Atlanta officials have said they have a goal of 50% canopy cover. According to a 2014 analysis, the city was at 47 percent; not far from the goal, but it’s a 5-year-old number in a time of booming development.

David Goldman / Associated Press file

Atlanta City Council may take a harder look at the city’s tree ordinance in the new year, after the Planning Department has taken longer than expected to update the rule.

The tree ordinance protects big trees on private property and sets standards for when they can be cut, but many people say it doesn’t do enough to protect Atlanta’s tree canopy. Atlanta officials have said they have a goal of 50% canopy cover. According to a 2014 analysis, the city was at 47 percent; not far from the goal, but it’s a 5-year-old number in a time of booming development.

For years, the city has said it would work on an update to the ordinance. Several years ago, it started one, then dropped the project. This year, the Planning Department started again, as part of its larger urban ecology project.

Last month, a community meeting on an update to the tree ordinance went a little sideways. Attendees thought the Planning Department was going to present a draft of a new plan, but it didn’t.

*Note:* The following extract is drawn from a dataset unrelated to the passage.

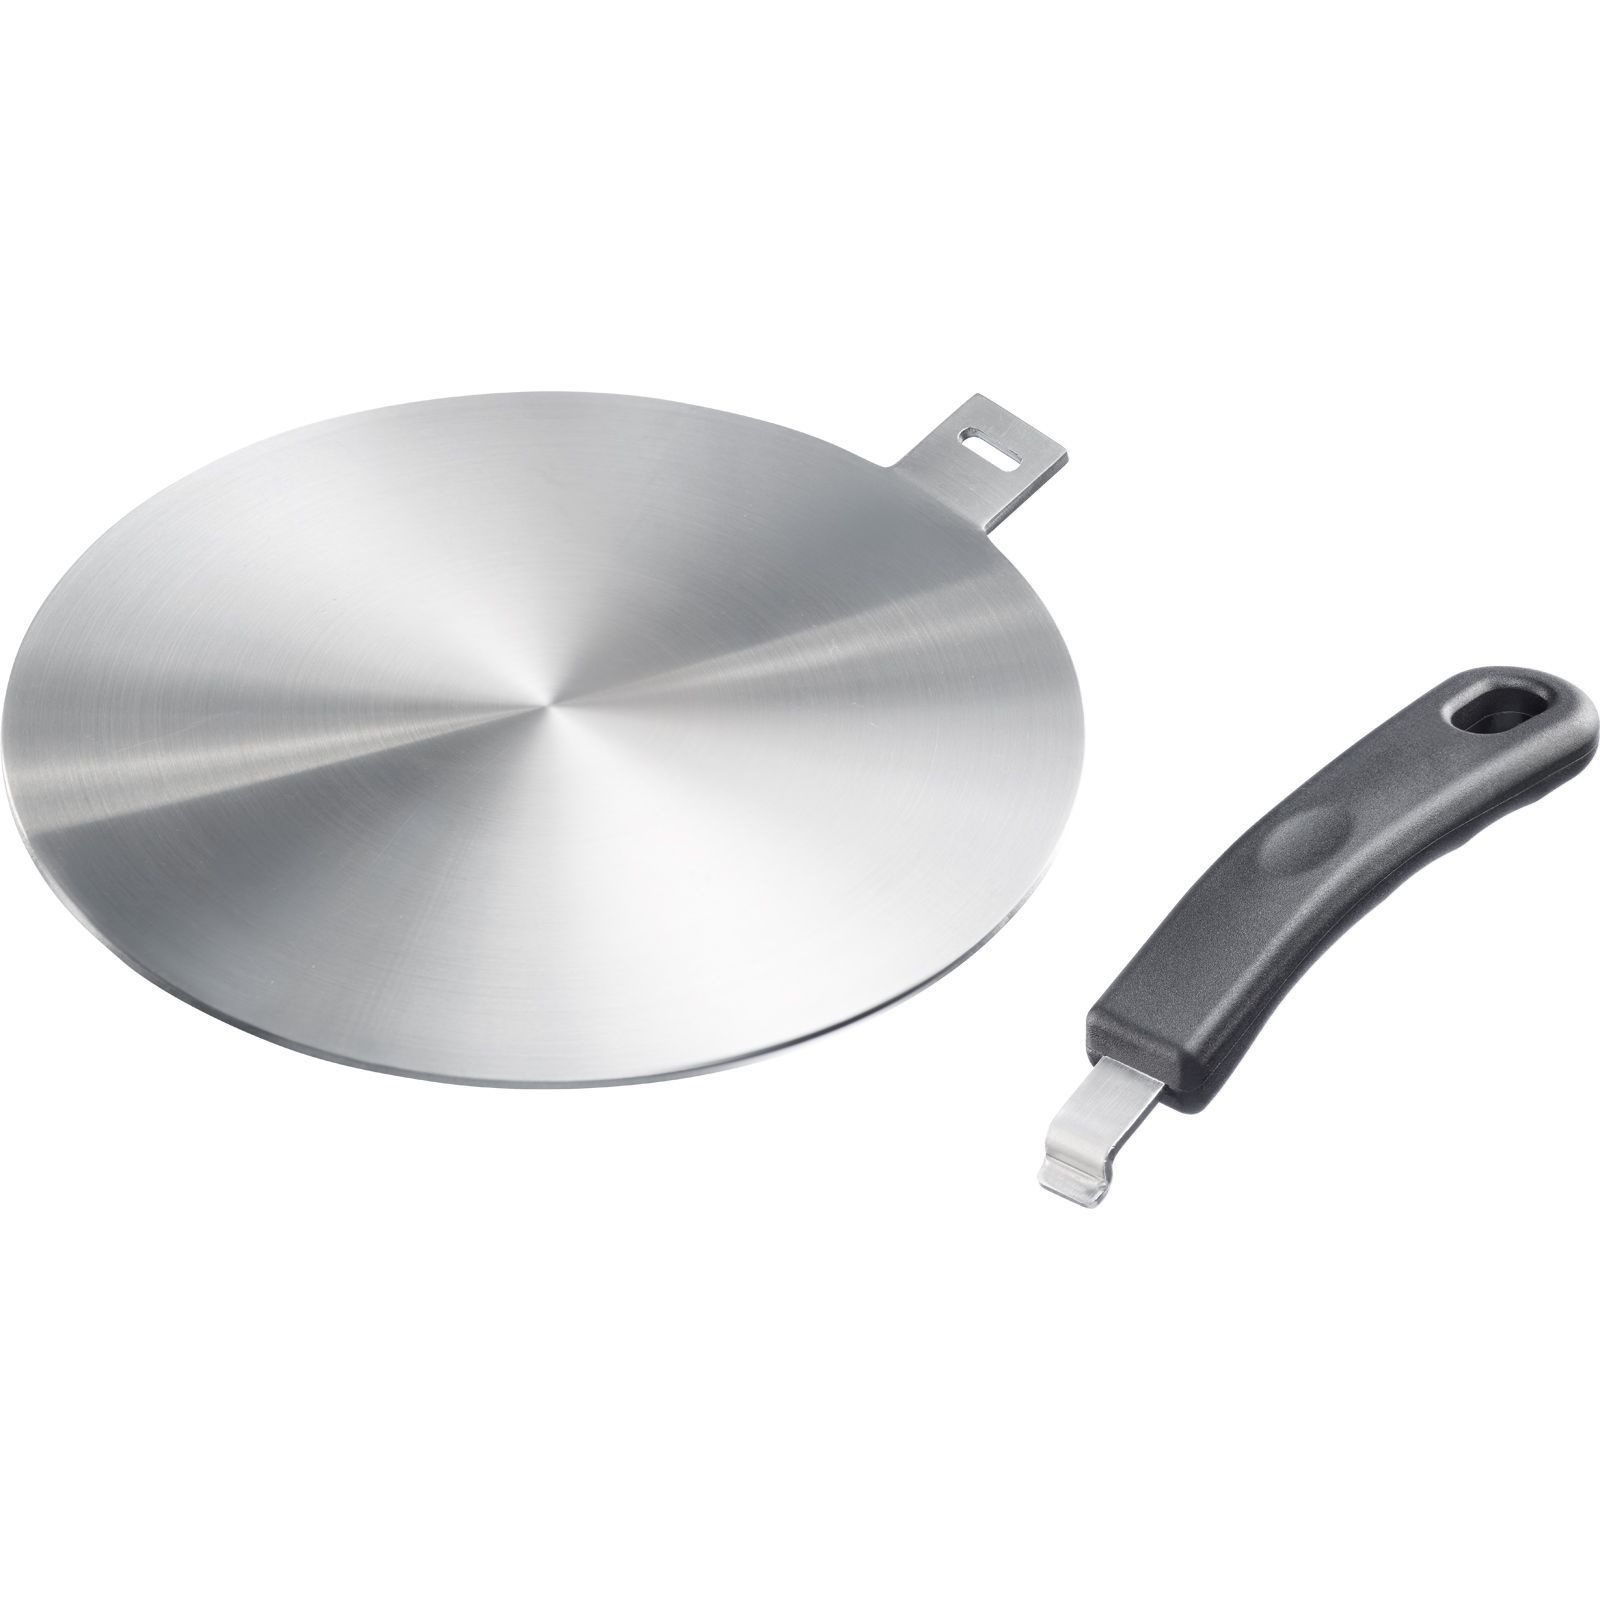 Westmark Induction Adapter Plate – Adapter Plate for Induction stoves to  Make Conventional Pans Suitable for Induction, Plate with Handle –  Stainless

“We’ve had so many meetings like this, and the frustration in the room is amazing,” Virginia-Highland resident Stephanie Coffin said after the presentation.

She said she’s frustrated seeing so many trees getting cut down, and she feels like the city isn’t moving fast enough to protect more of them.

“Basically, they’re not moving the needle in terms of rewriting the tree ordinance,” she said.

The day after that meeting the Planning Department canceled a second community event on the ordinance.

City Councilman Matt Westmoreland said he understands how residents like Coffin feel.

“This is a really critical issue,” he said. “Atlanta’s tree canopy is an incredible natural asset to the city, both in terms of the beauty it provides but also as the planet warms. And as we become more dense, that canopy becomes even more important.”

Westmoreland said after the holidays, when everyone’s back to work in January, he’d like City Council to take the lead on the tree ordinance update.

“There’s a way to strengthen our ordinance; there’s a way to protect valuable trees; there’s a way to grow our canopy, and there’s a way for the city to become more dense,” he said.

The advocacy organization Trees Atlanta is asking the city for detailed deadlines, a draft of the new ordinance and for modeling to project how changes in the rules will affect the city’s canopy.

The city didn’t make Planning Commissioner Tim Keane available to talk to WABE, but he told the Atlanta Journal-Constitution he’s not optimistic about the timeline for a new ordinance.